初入圣奥古斯丁修道院宿舍时,我以为沉默是最高法则。石墙冷硬,窄床如棺,每夜十点钟声一响,三十张床铺便沉入死寂,只剩油灯芯噼啪作响,像在吞咽所有未出口的言语。 我是新人修士保罗,被分在第三间通舍。室友老修士马库斯总在熄灯后佝偻着背,对着墙壁喃喃自语。某夜,我假寐时听见纸张摩擦声——他竟在偷写诗。 “戒律禁止无用之语。”我压低声音。 他转过脸,眼窝深陷如枯井:“但上帝也听见诗。”他递来半张粗纸,上面是歪斜的拉丁文:“我梦见麦田在石缝里生长,风说,连石头也会开花。” 我僵住了。诗里没有神名,却比任何祷文更灼人。此后,我们形成暗语:他咳嗽三声,我便知道今夜有“文字”;我翻动《圣诗集》特定页码,便是“同意”。渐渐发现,宿舍里藏着更多裂缝:有人用针在鞋底绣经文,有人把面包屑摆成星座,年轻修士在床板下藏干枯的野花——都是为了记住自己曾是血肉之躯。 转折发生在主教突袭巡查。他鹰眼扫过每张床,停在马库斯枕下。我的心跳如擂鼓,却见他抽出的不是诗稿,而是一块磨破的羊毛衬垫。“旧伤复发,”马库斯平静道,“夜里疼得睡不着,只能数羊毛结。”主教皱眉离去。 那夜,马库斯没写诗。我问为何不冒险了。他望着天花板的裂缝:“信仰不是石头围栏,是麦子从石缝里长出来的样子。

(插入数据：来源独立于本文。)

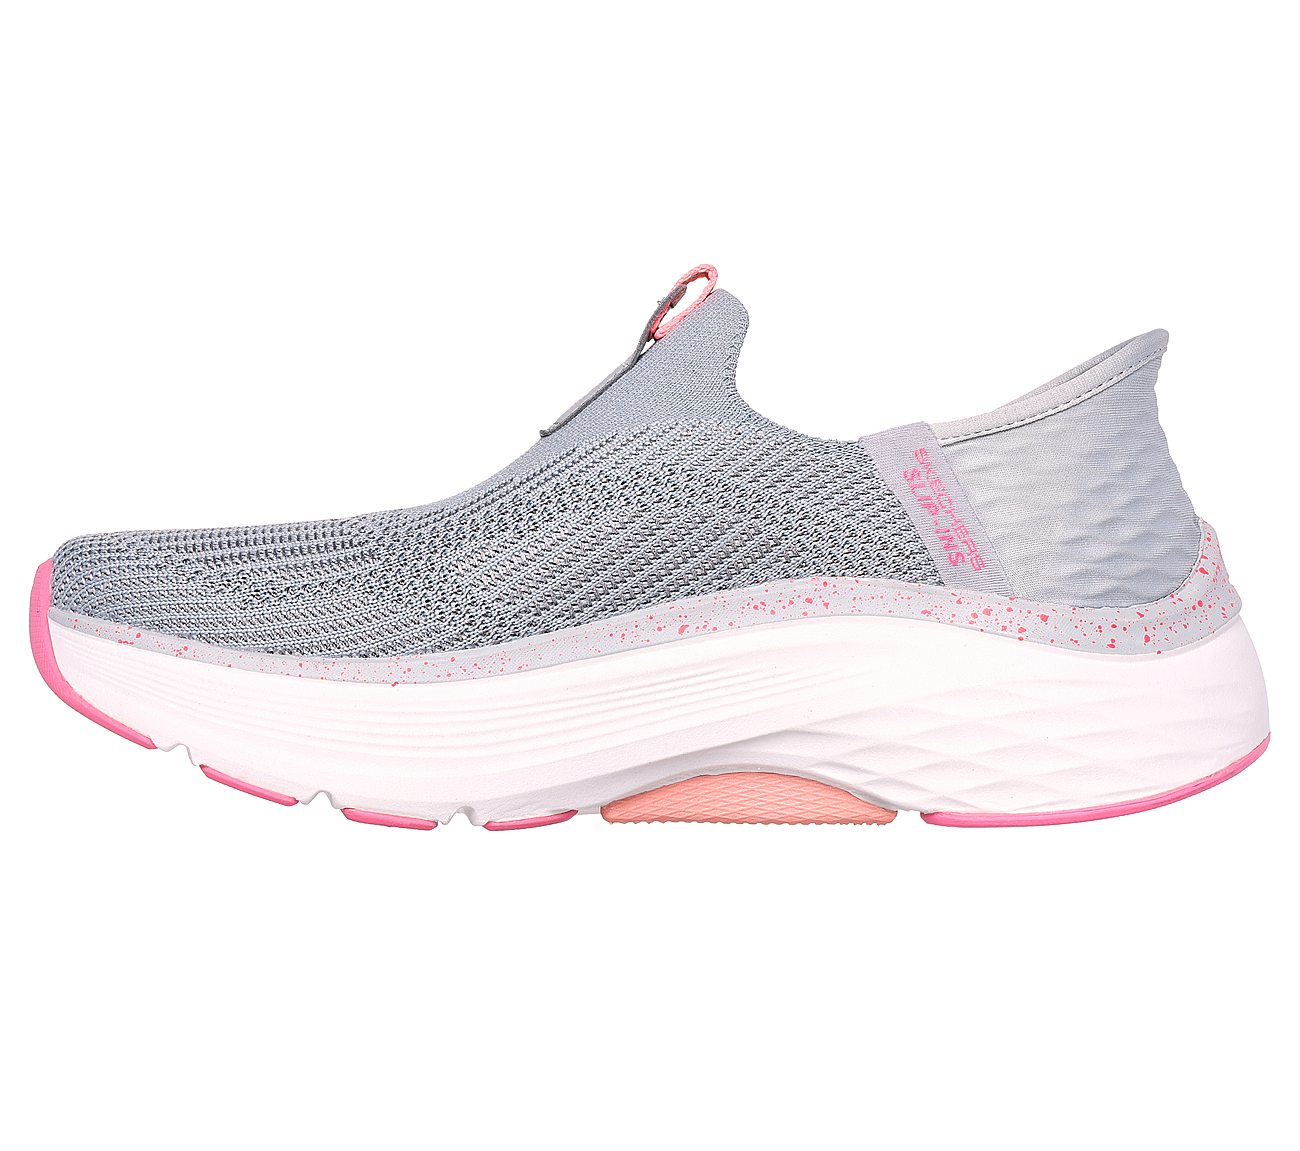 Skechers Slip-ins Max Cushioning Arch Fit - Fluidity, GREY/PINK Footwear Left View

我们偷偷留着那些‘无用之物’,不是为了背叛,是为了证明——石头再硬,也压不灭心里那点绿芽。” 如今,我仍在夜祷时挺直脊背,嘴唇机械地念诵拉丁文。但膝盖上,我用指甲反复划着那行诗。宿舍依旧沉默,可我知道,三十个胸腔里都有麦田在破土。石墙投下的影子,第一次显得柔软。 (字数:548)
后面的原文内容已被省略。